- Work item -
When you reach the line that contains "45 x 60 cm'", begin copying exactly, and continue through the last line of the data; no pictures belong in the copy.

- Data segment -

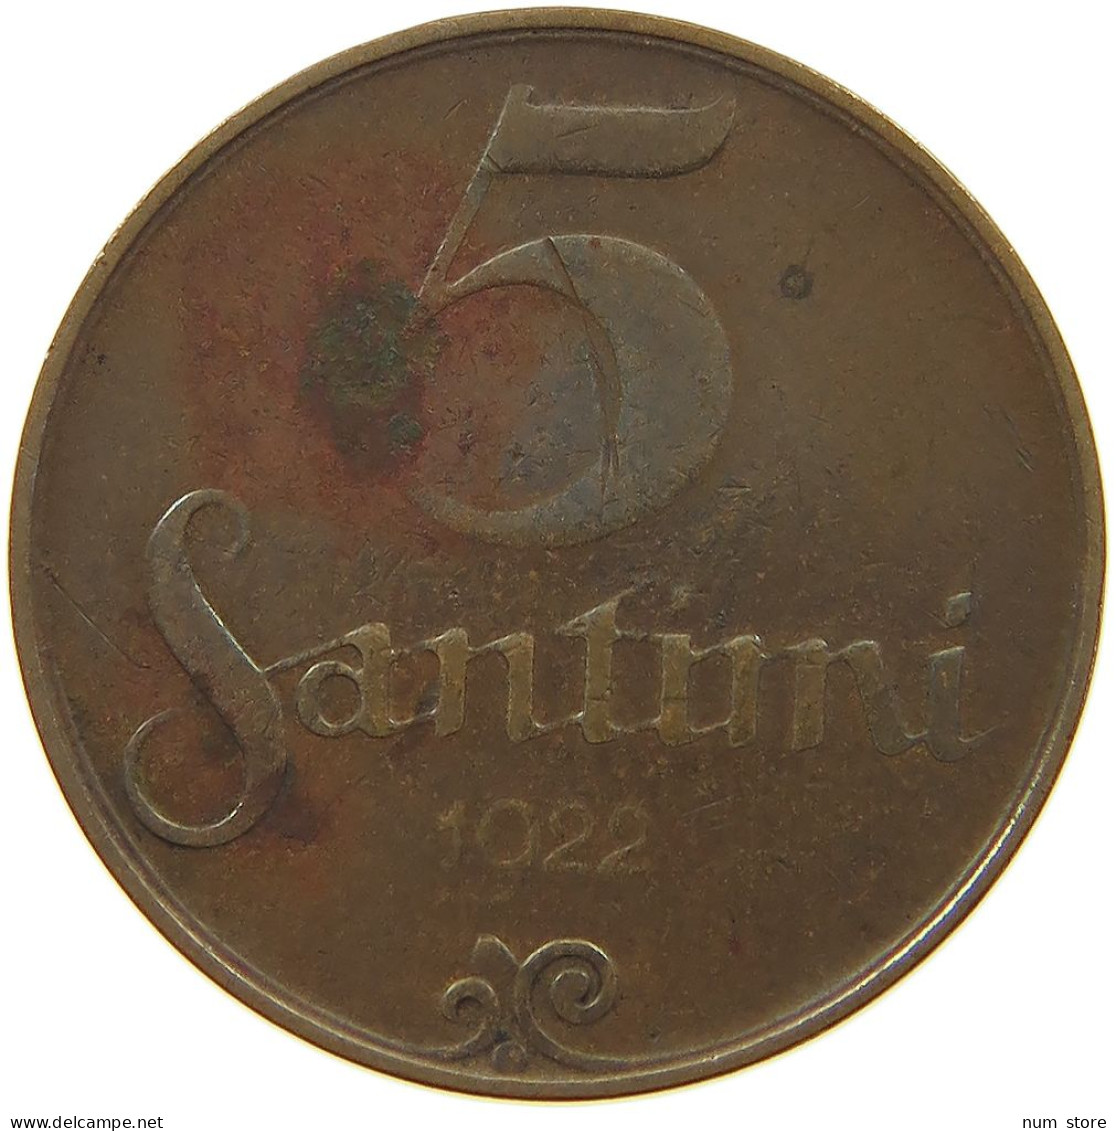 LATVIA 5 SANTIMI 1922  #c080 0683 - Latvia
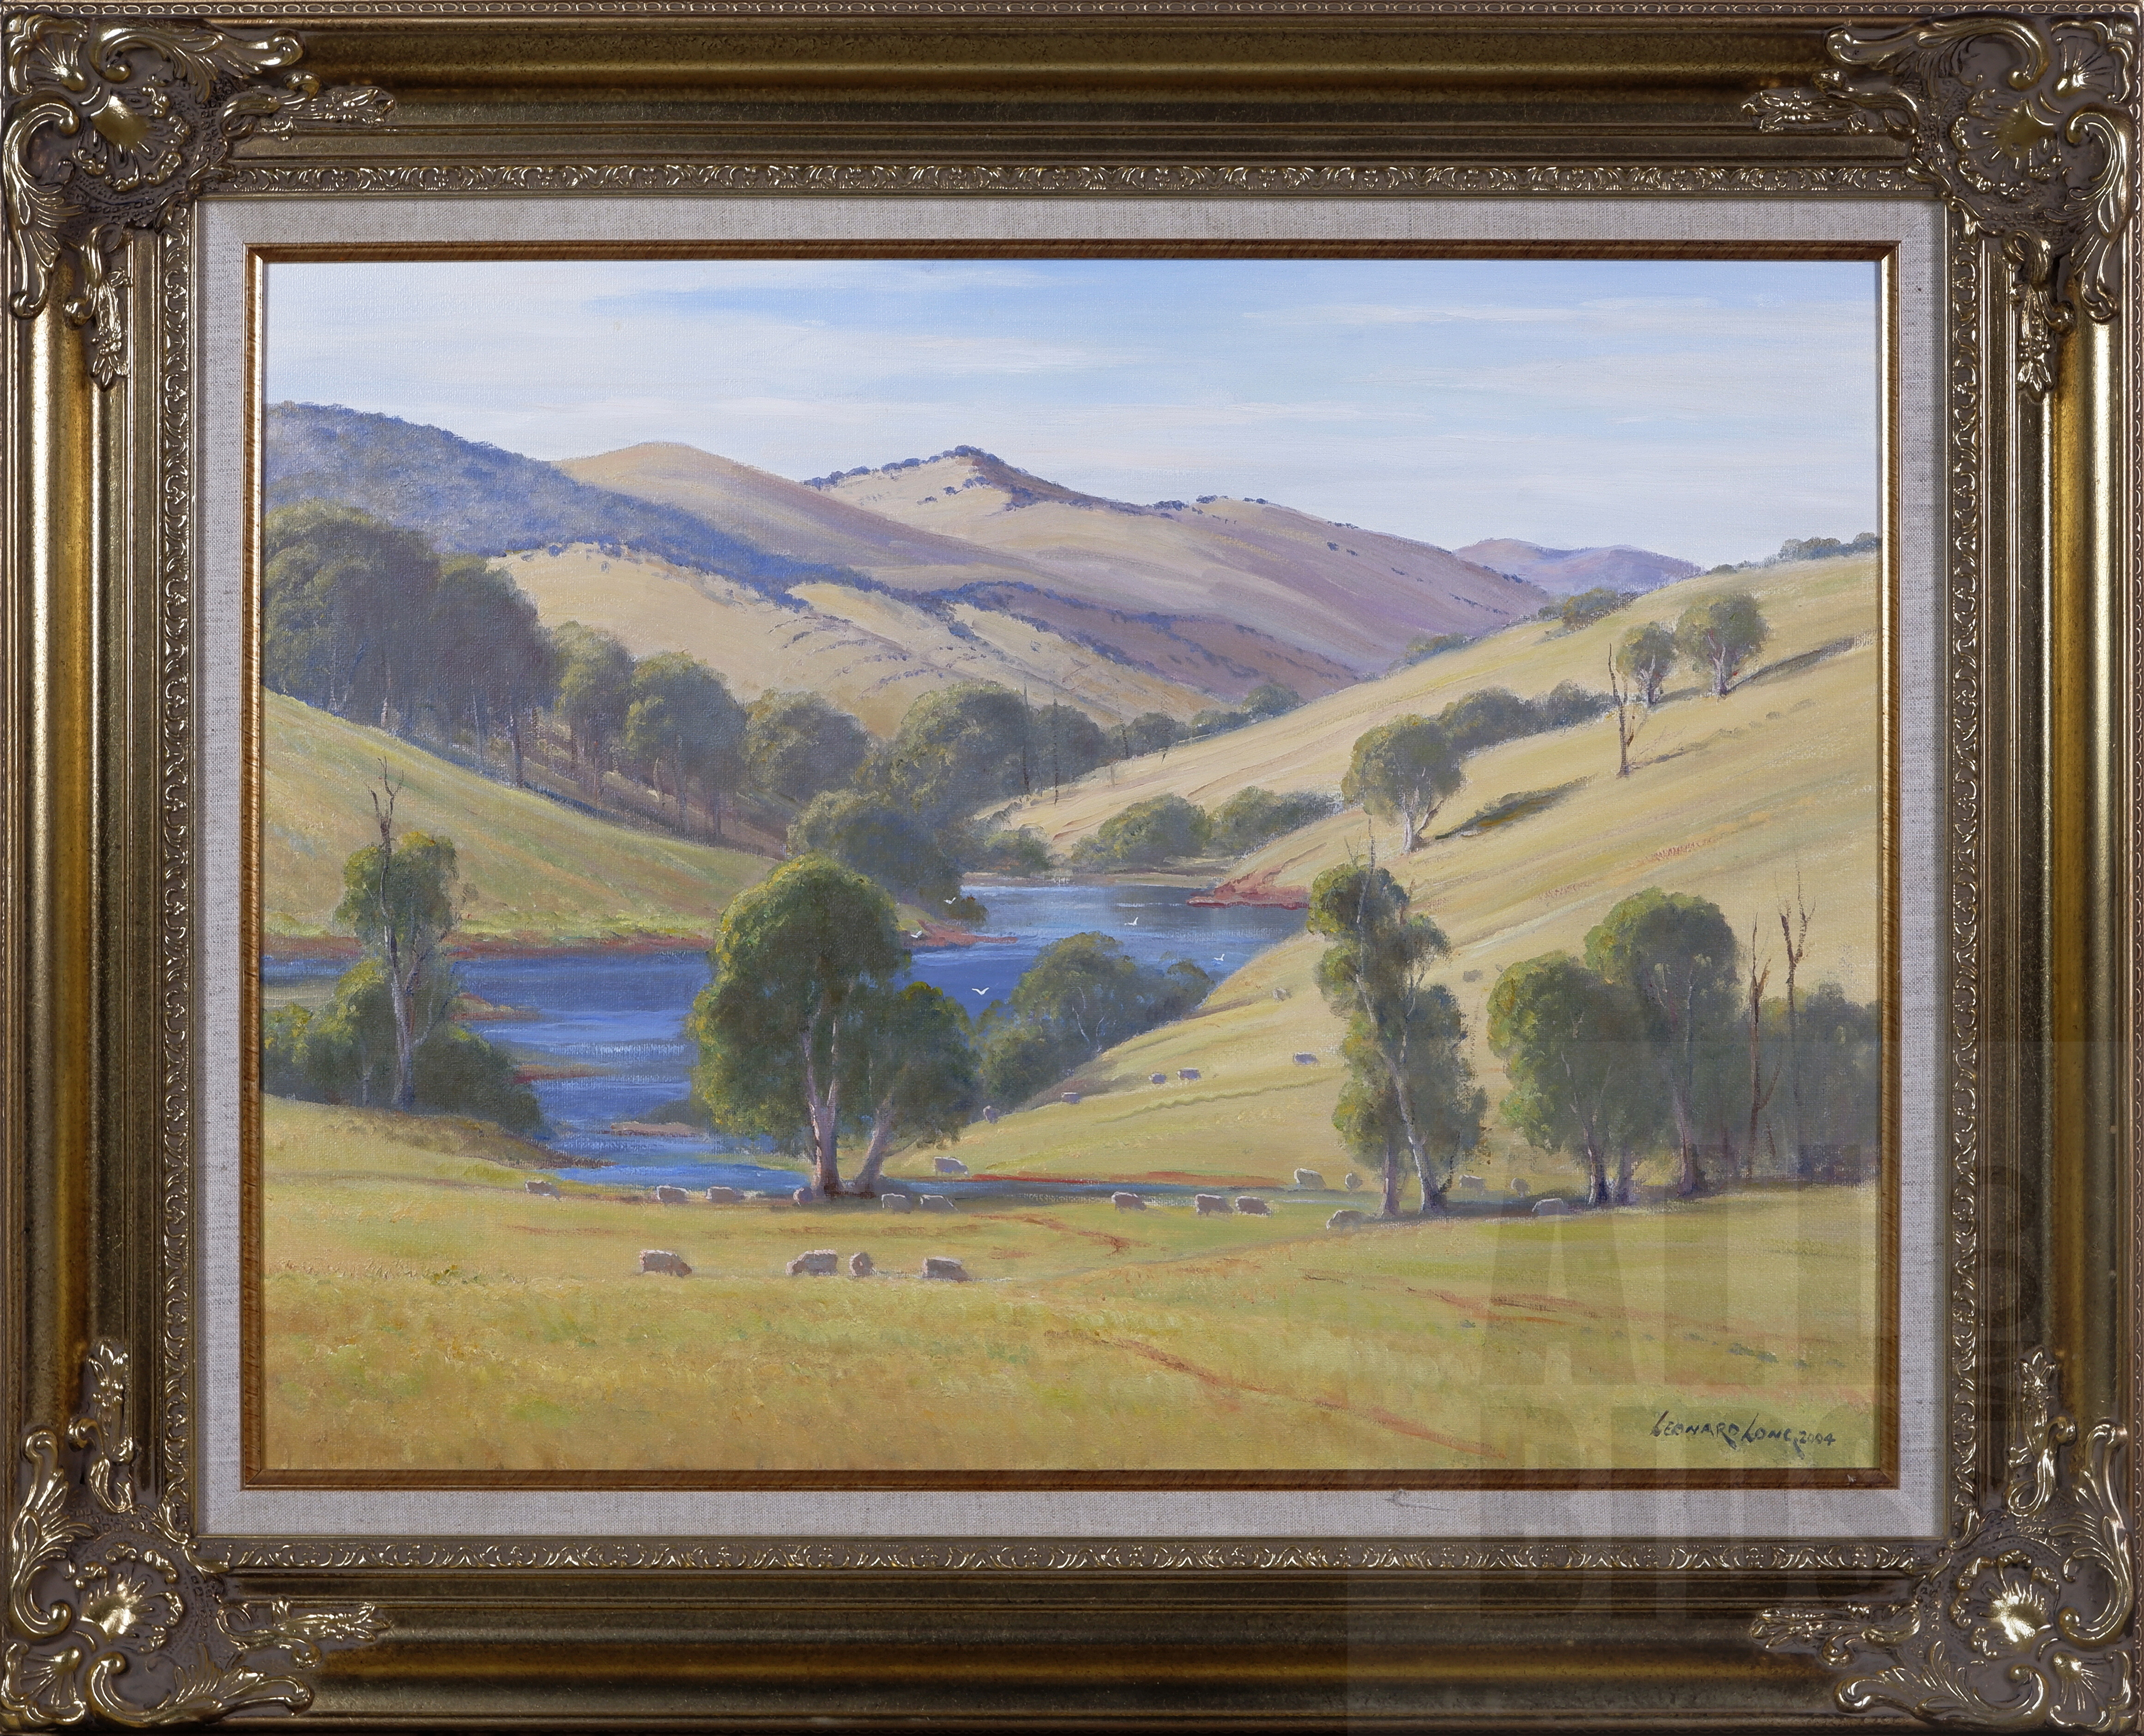 'Leonard Long (1911-2013), Mountain Creek, Wee Jasper - Yass Road 2004, Oil on Canvas on Board, 45 x 60 cm'
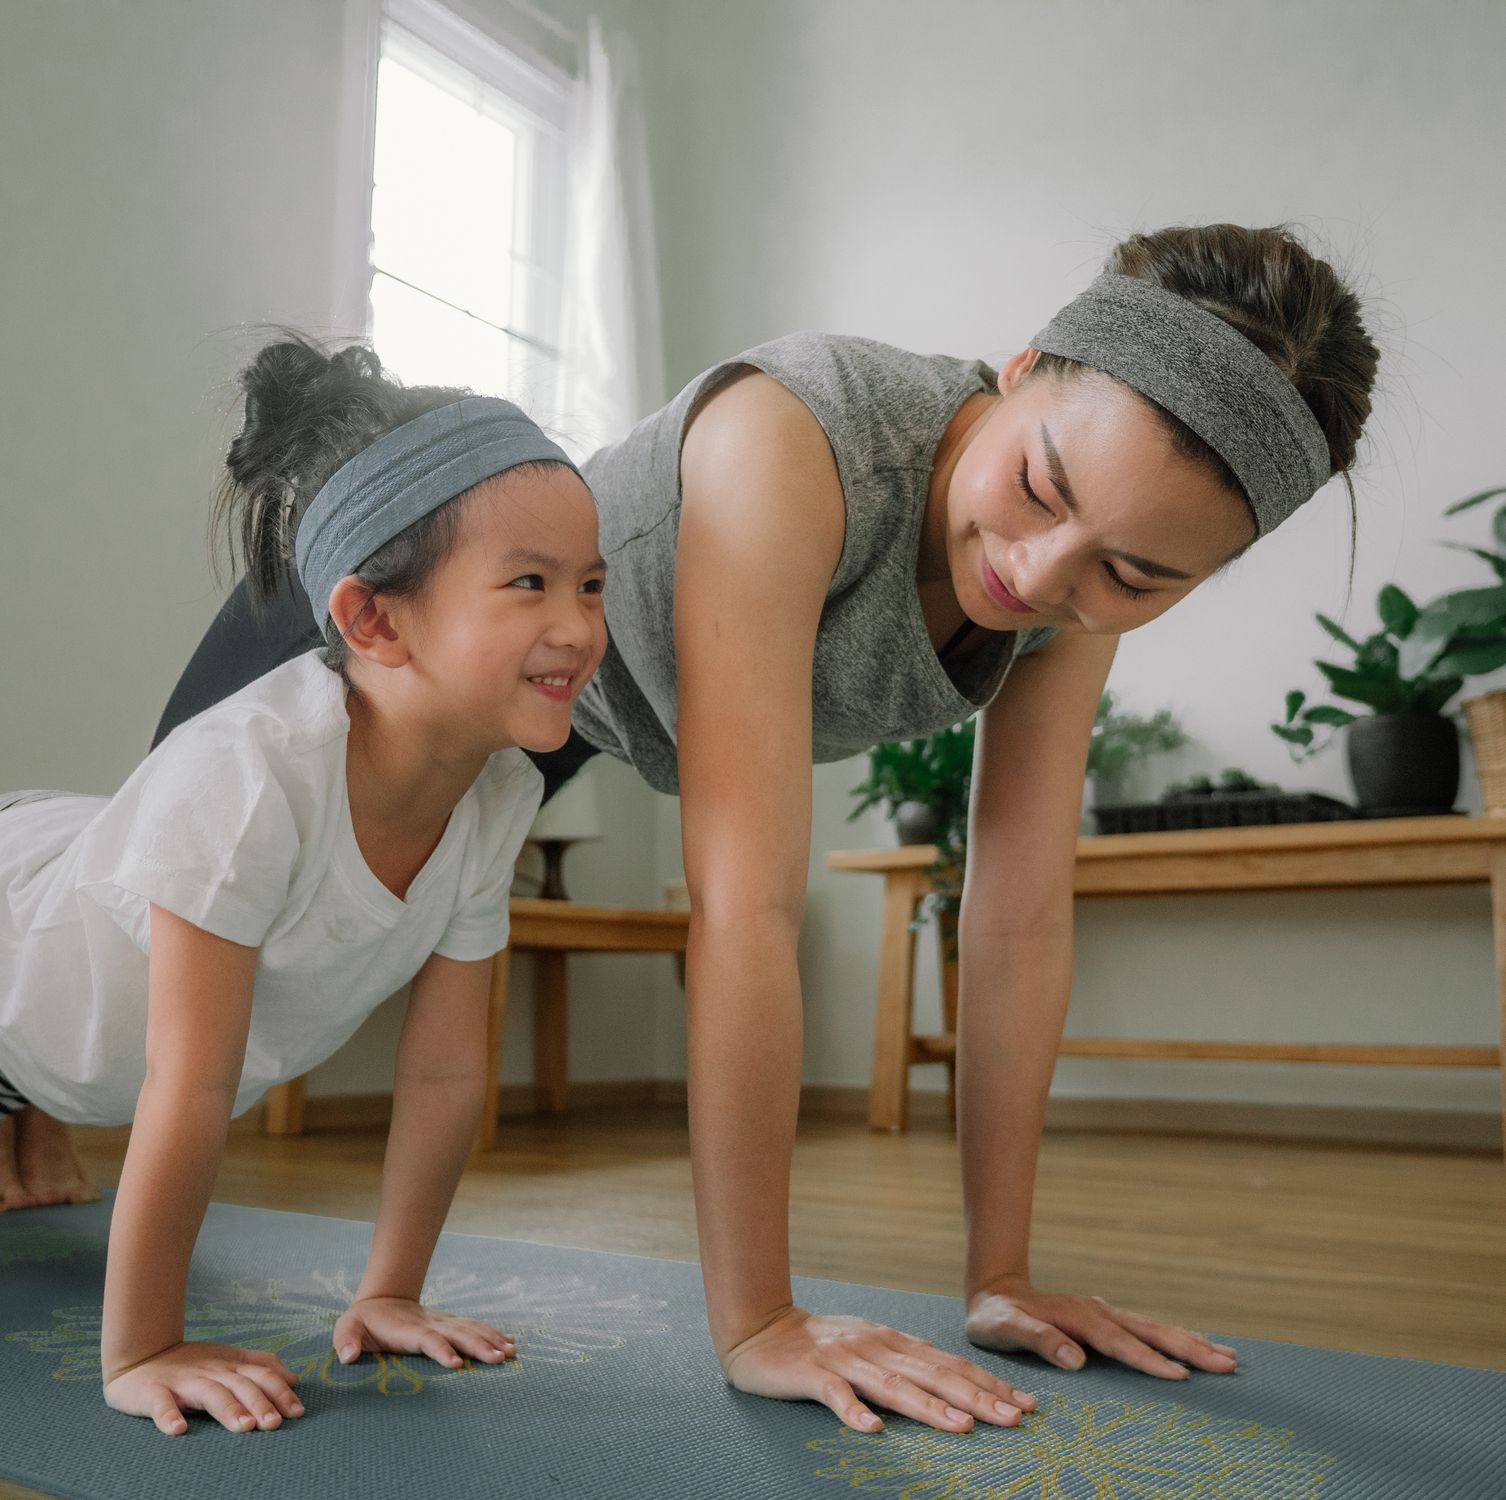 Vídeos y tablas para hacer ejercicio en casa, fácil y gratis

- Result of this exercise -
 'Leonard Long (1911-2013), Mountain Creek, Wee Jasper - Yass Road 2004, Oil on Canvas on Board, 45 x 60 cm'
 Vídeos y tablas para hacer ejercicio en casa, fácil y gratis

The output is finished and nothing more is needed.